If a group of risk professionals and their third party partners wound up at a karaoke bar at a certain hour, they might select a classic Stones tune for a heartfelt duet: “My back is broad, but it’s a-hurting,” the third party professional would croon. “I’ll never be your beast of burden,” the outsourcer’s risk professional would respond before the pair repeated that aspirational line in unison.
With apologies to Mick, Keith and the gang, “Beast of Burden” captures the nature of third party relationships that rely on non-standard – and frequently ad-hoc — assessment practices and due diligence.
Service providers often find themselves short of the bodies, time and budget needed to complete a substantial number of lengthy, one-off assessments from their clients. Outsourcers contend with unnecessarily lengthy new-vendor onboarding processes when third parties without well-oiled assessment capabilities pepper their new clients with a barrage of clarification requests and follow-up questions.
“I regularly receive emails from third party providers that describe a significant and pervasive administrative hassle,” reports Shared Assessments Senior Manager Christopher Campbell. “The issue is the sheer amount of time it takes to work through several hundred unique questions from numerous different outsourcers. In smaller to mid-sized organizations, there is often a single person responsible for chasing down all the information needed to address those questions. And they’re dealing with anywhere from a dozen to up to 2,000 proprietary assessment questionnaires each year. The hours required to complete that work can be staggering.”
Campbell and Shared Assessments Senior Director, Product Marketing David Lundquist emphasize that proprietary questionnaires are a beast to deal with on both sides of third party relationships. “Though it’s a shared burden, the workload can be more manageable” Lundquist notes.
Alleviating this strain has grown increasingly important as a mix of supply chain volatility and new regulatory directives require outsourcers to seek out new third party partners while applying deeper scrutiny of potential risks – related to cybersecurity, national security, ESG matters, and more – inside third, fourth and nth party partners. The best path to burden-relief involves understanding the primary aspects of these encumbrances and how a standardized third party risk assessment approach, including any of the Standard Information Gathering (SIG) tools, lightens the load.

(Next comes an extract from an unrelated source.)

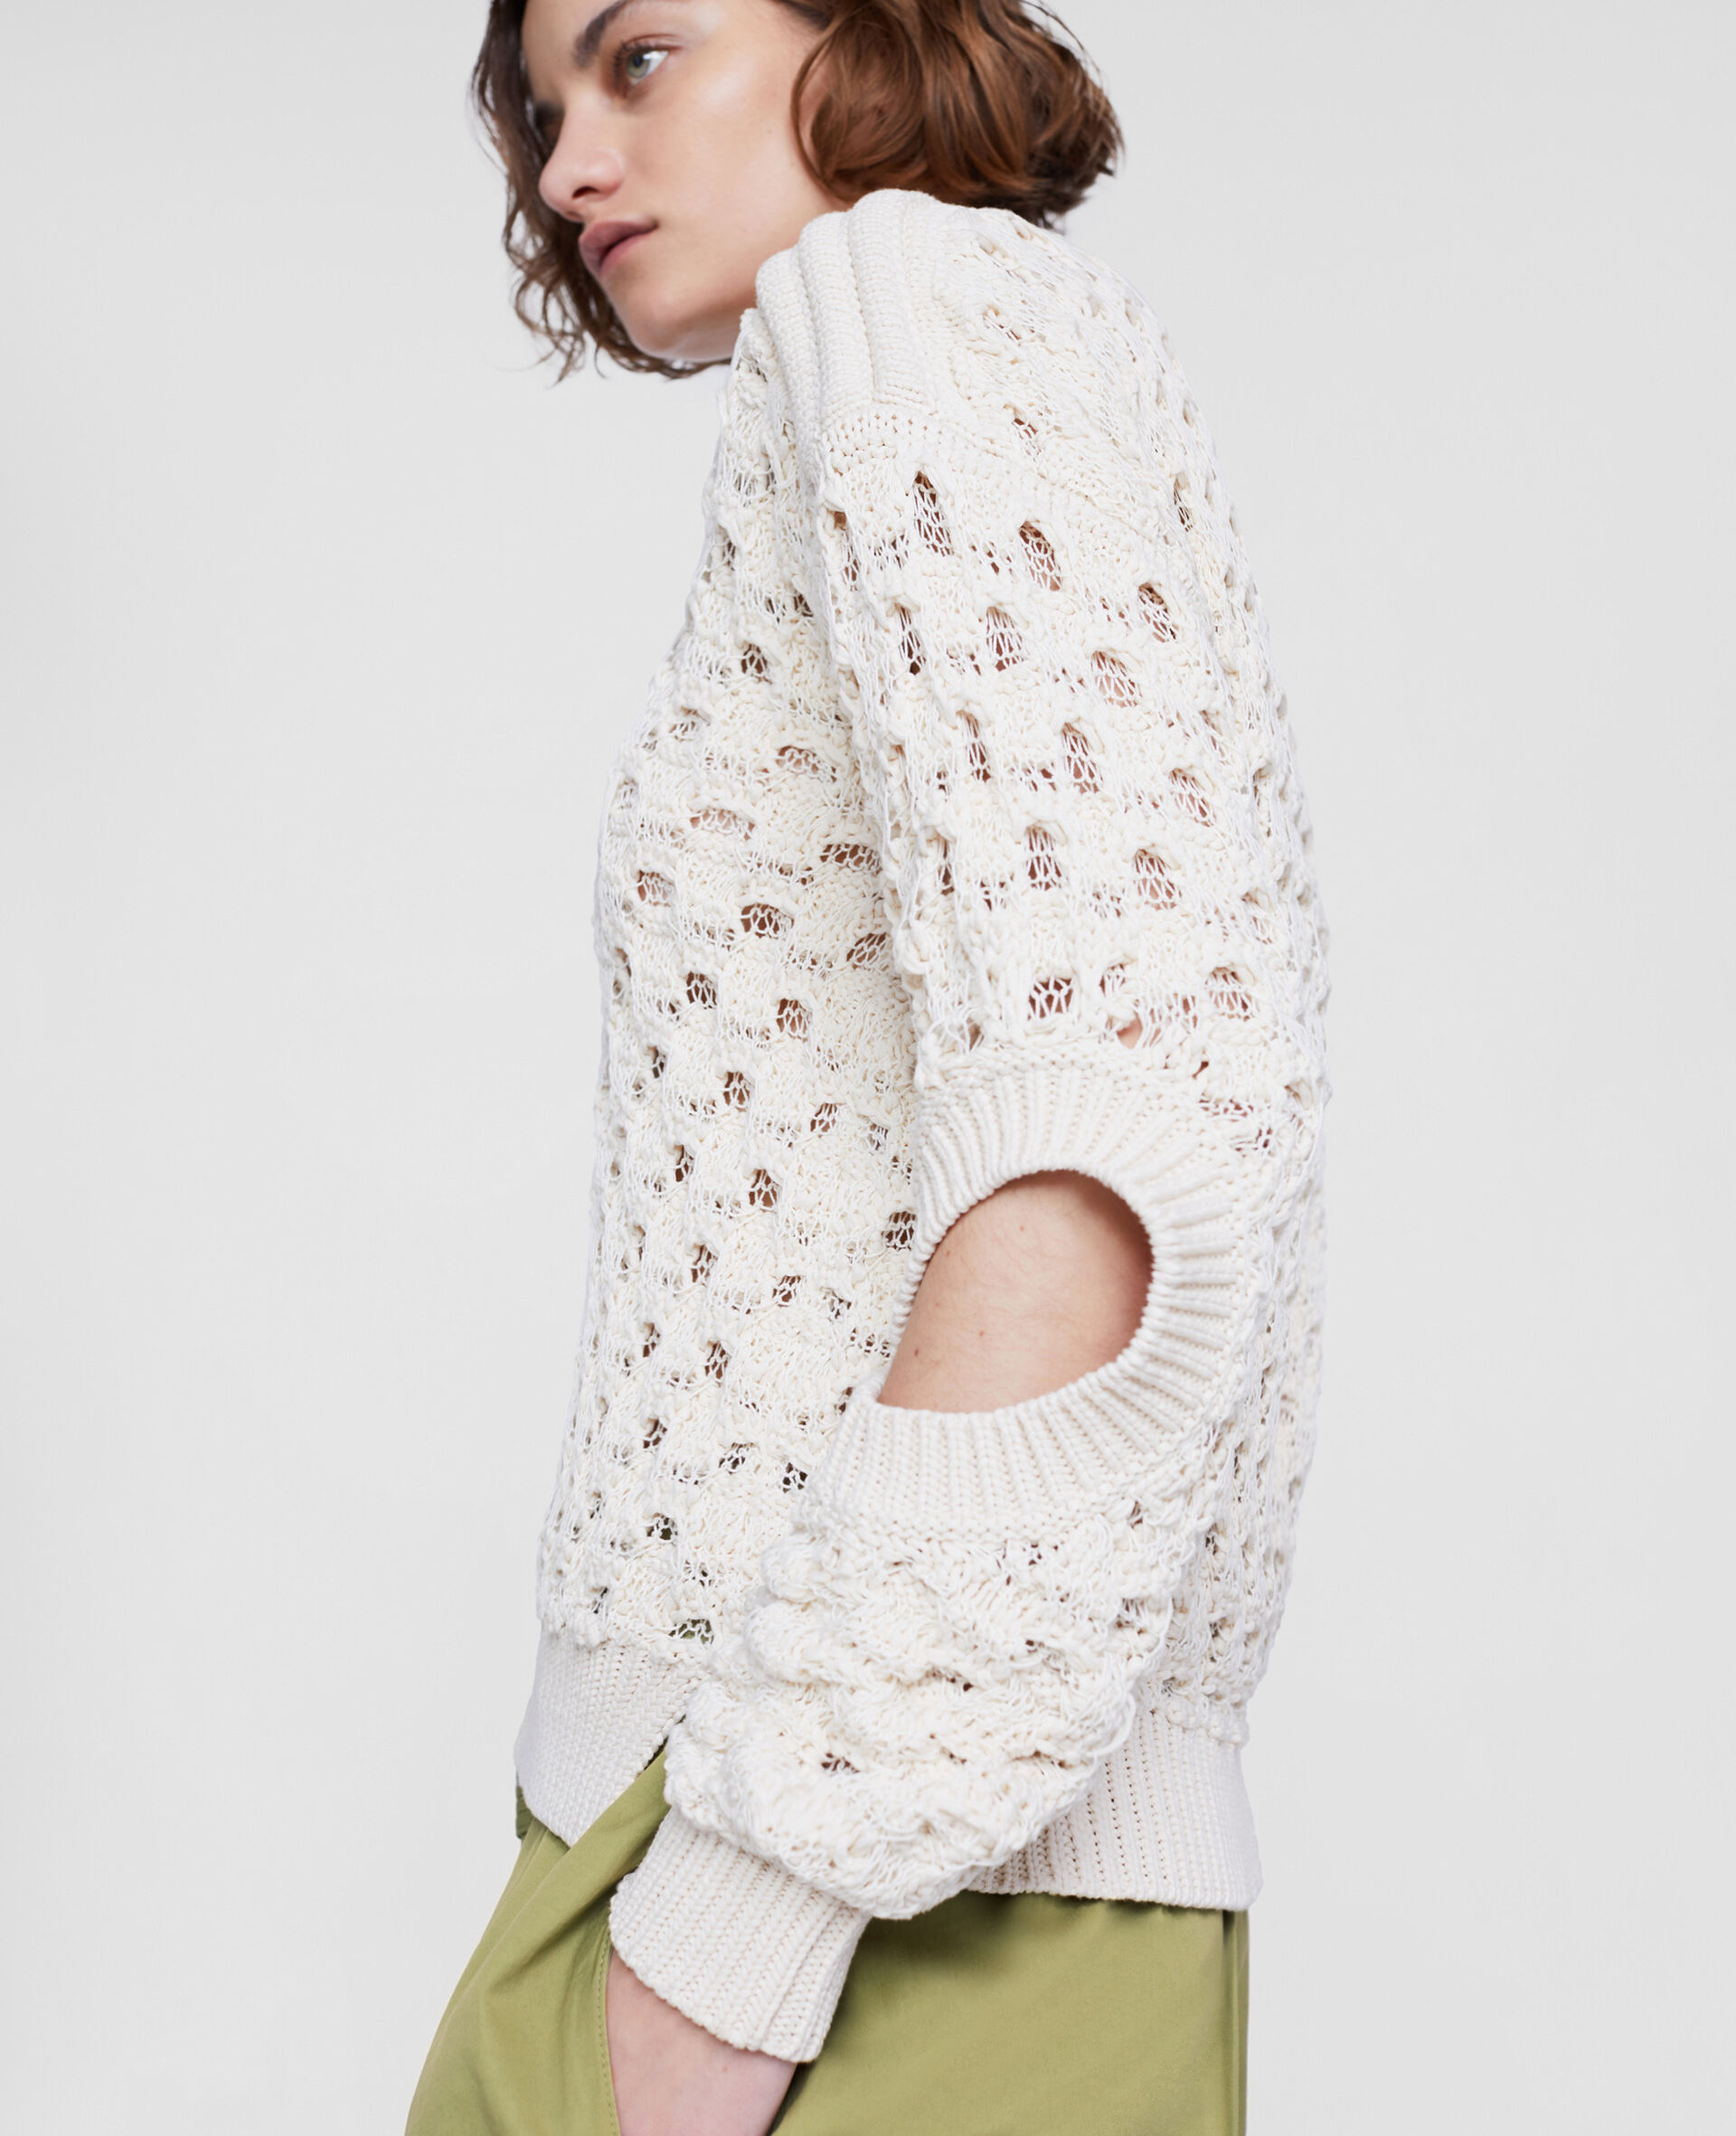 Textured Mesh Knit Sweater-White-large image number 3

The most common manifestations of the third party risk assessment burdens materialize when outsources rely on lengthy, proprietary questionnaires that hold varying levels of relevance to different vendors. TPRM teams are often surprised to see how closely their proprietary questions track to existing standardized questions – which could have saved everyone a lot of time and money but not duplicating efforts. The reasons third parties struggle with these types of information requests include:
- Budget and bandwidth limitations: “Most companies have a lot going on in light of global disruptions, the talent shortage, and other urgencies,” Lundquist notes. “They just don’t have time to hire a bunch of new people to address the work that non-standard third party assessments create. Budgets and bandwidth stand out as the biggest challenge.”
- A math problem: Campbell agrees that funding and resource limitations loom large, especially given how long it takes to complete a proprietary risk questionnaire. “The average time to fill in a proprietary questionnaire is 32 hours,” he notes. “The median number of questionnaires that vendors are required to complete each year is approximately 1,000 – and 32,000 hours takes a lot of people working eight hours a day to complete.”
- A lack of maturity: Some third parties take significantly longer to complete one-off information requests because they have yet to develop formal, repeatable processes related to responding to information requests, storing their policies and procedures, assigning related governance and oversight responsibilities, and leveraging automation to accelerate the retrieval of that information. “ In those situations, the outsourcers may wait weeks or even months for responses from the third party,” Campbell adds
How a standardized assessment tool can alleviate burdens TPRM programs face
Deploying a standardized assessment tool represents a more efficient, and effective, alternative to the use of proprietary third party risk assessment questionnaires. That’s why the most advanced outsourcers and vendors tend to:
- Invest in standardization: Shared Assessments members have several options for standardizing the third party risk assessment process such as our standardized assessment tool(s). The SIG Lite provides up to a maximum of 150 questions, and it is best used as the program-level assessment for lower-risk third parties. The SIG Core, which provides up to a maximum of 825 questions, allows for a deeper scope and more personalized assessment, containing additional questions at the control definition level. (One more custom option is described below.)
- Follow the 80/20 rule: One of the largest third party providers in the Shared Assessments community has achieved and sustained major efficiency gains by following a third party risk management take on the 80/20 rule: the company has found that 80% of its outsourcing clients accept the standard SIG assessment. The remaining 20% of the client based require proprietary assessments to be completed; these still take more time and effort to perform, but substantially less time and effort compared to completing a higher portion of one-off assessment requests.
- Flex as needed: “Shared Assessments members use the Scoped SIG in situations where the SIG Lite or SIG Core are not specific enough to the services provided,” “…Both the SIG Lite and SIG Core can be used as a starting off point for scoping. The SIG tools are infinitely configurable: you can include 100 questions, 50 questions, or even seven questions.”
This type of flexibility and standardization helps outsourcers and third parties achieve greater risk management harmony.